OK, disclaimer: used HD v1 heavily right after its release and was an early beta-tester for HD v2. I dont work for Hero Games, and am a hard core HEROs gamer. So, everyone should be clear on where my bias lies.

Now that my bias is clear, lets hit a few points:

HD v1 has some fixed strictures, true, but it did what it was designed to do which was enforce the official rules of the game. In this regards it was an amazing piece of software. It was in many ways a learning tool and a calculator. It wouldnt let you do things incorrectly, which might be inconvenient for concientious home-brewers, but is invaluable to newbies trying to learn the system. 

For the "Custom" minded every type of ability had a "CUSTOM" object to allow the definition of the not-in-the-rules bit you wanted to add.
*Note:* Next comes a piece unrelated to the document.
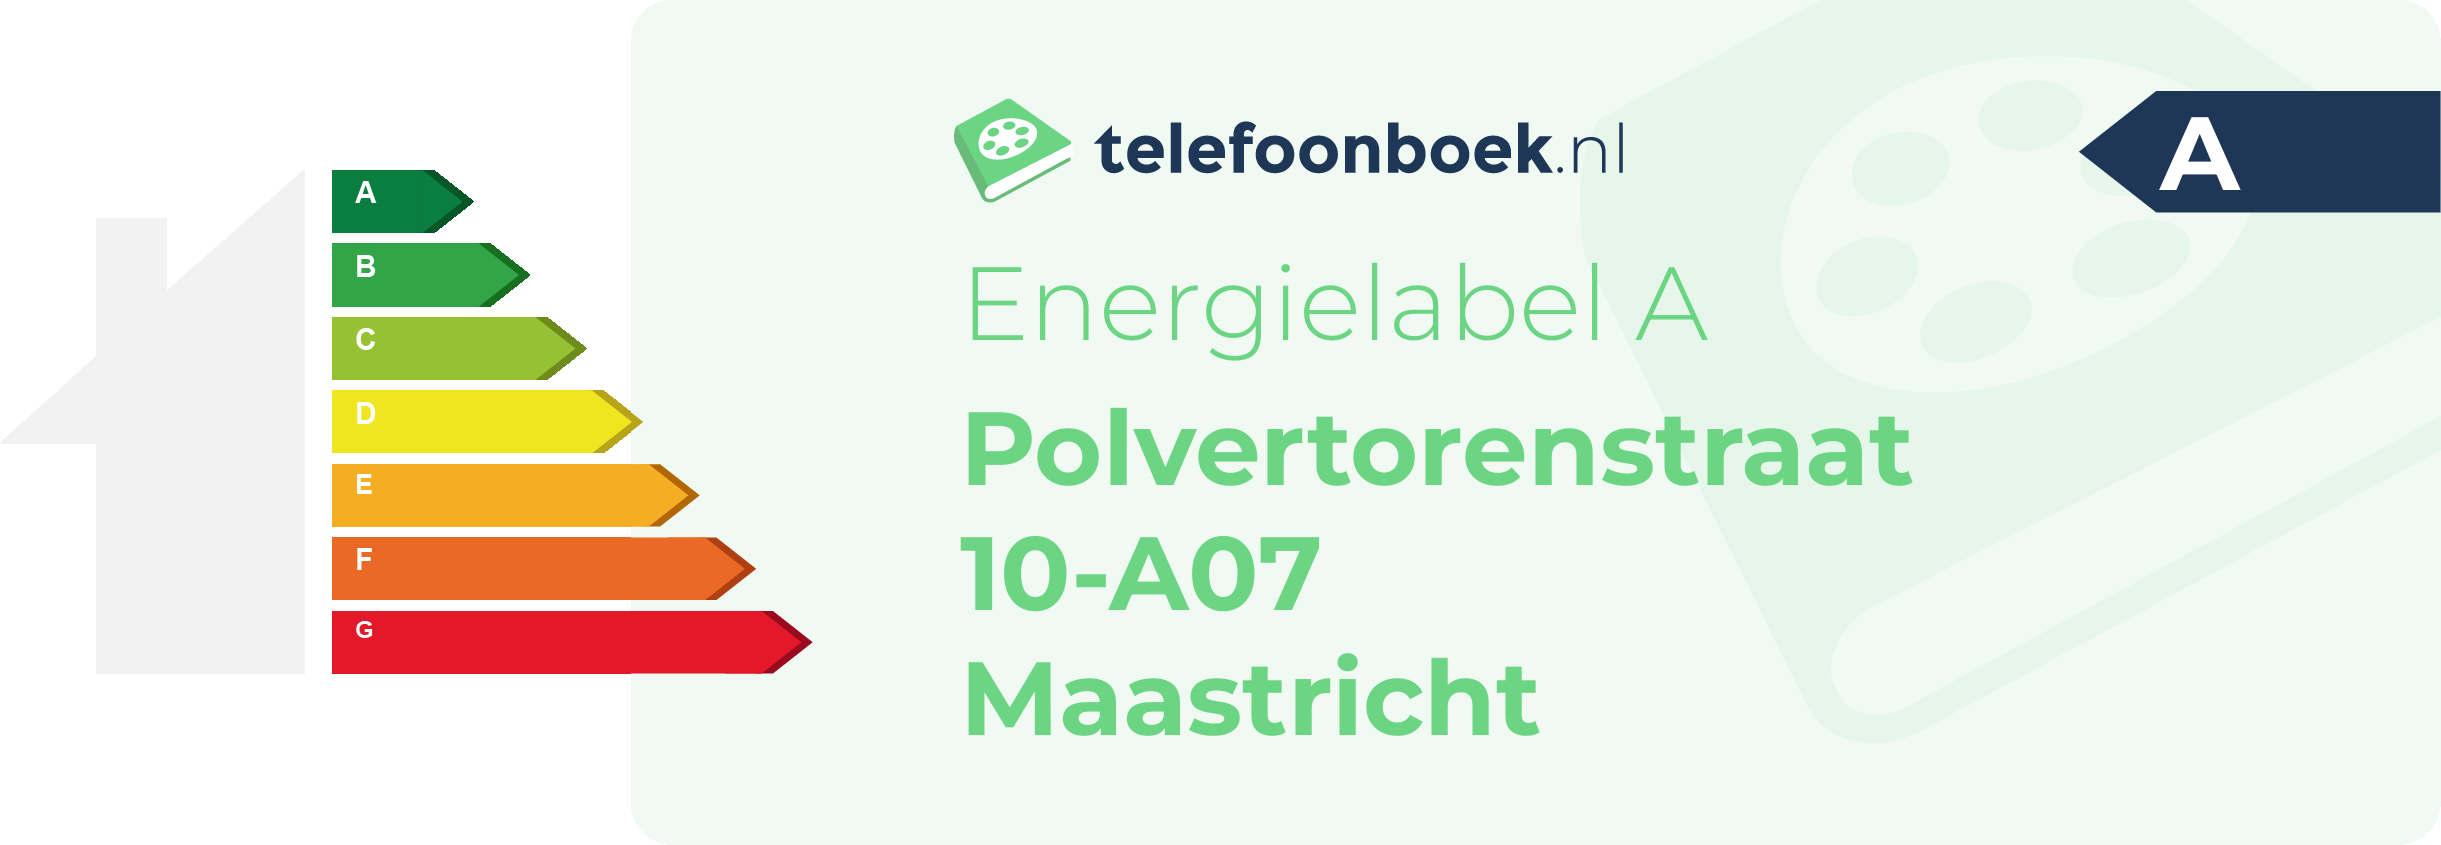 Energielabel Polvertorenstraat 10-A07 Maastricht

As far as the specific of selling back characteristics, two bits: 1) must have been selling back 2 or more figured characteristics, which is illeagal. 2) HD v1 would still let you do it by taking the characteristic as a Power and taking it down to a negative value. v2 wont let you do it this way, but does have a toggle on the campaign guidelines to allow more than one figured to be sold back.
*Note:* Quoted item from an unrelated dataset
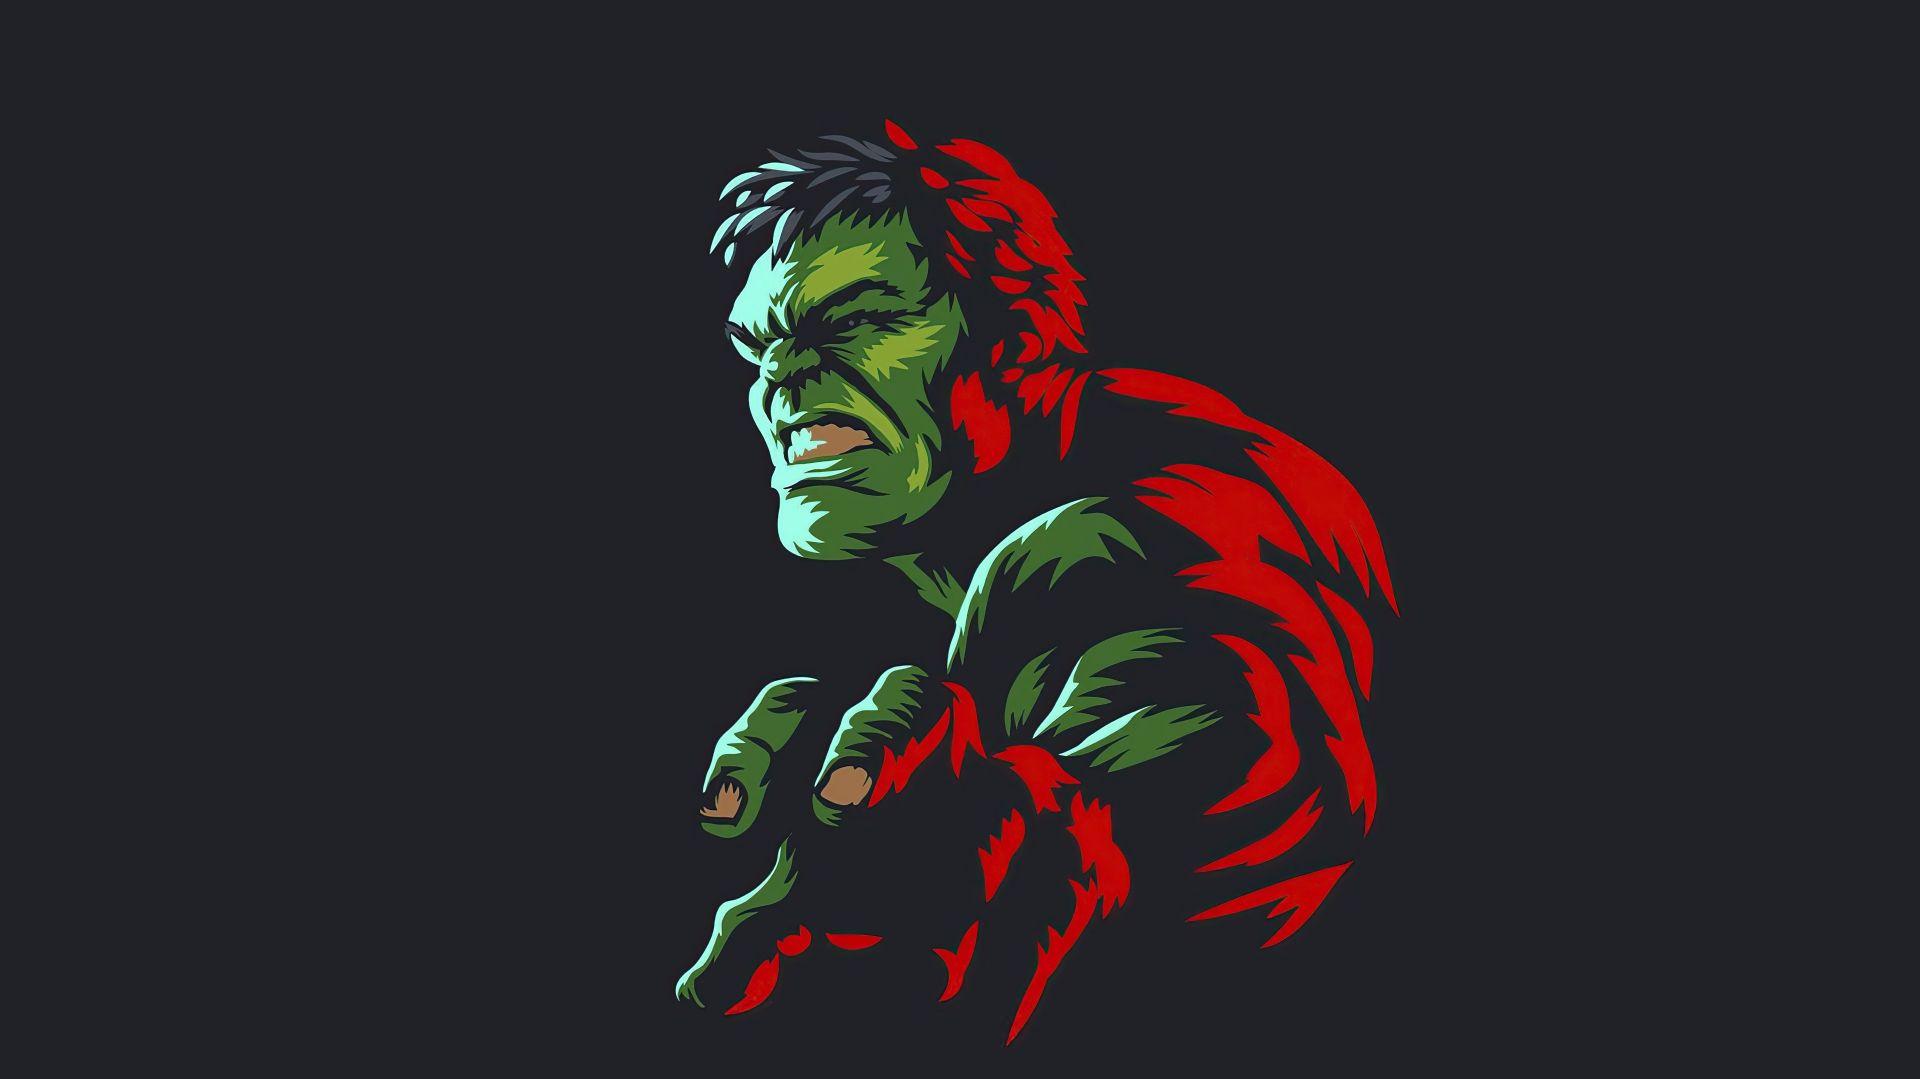 Hulk Marvel Ics Desktop Background Image And Wallpaper Yl

On top of enforcing the rules strictly, it was also pretty much bug free, and all bugs were fixed within a few days of being identified at worst and often the same day. Futher the application was altered on several occasions to accomadate FAQ rulings and erratta in an extremely timely fashion.

All in all v1 was a solid piece of software, and I still have a copy installed of v1 so I can deal w/ older characters if need be (not all of my players have upgraded to v2 frex).

The documentation is actually pretty good in my opinion, being a good blend of technical documentation and user documentation.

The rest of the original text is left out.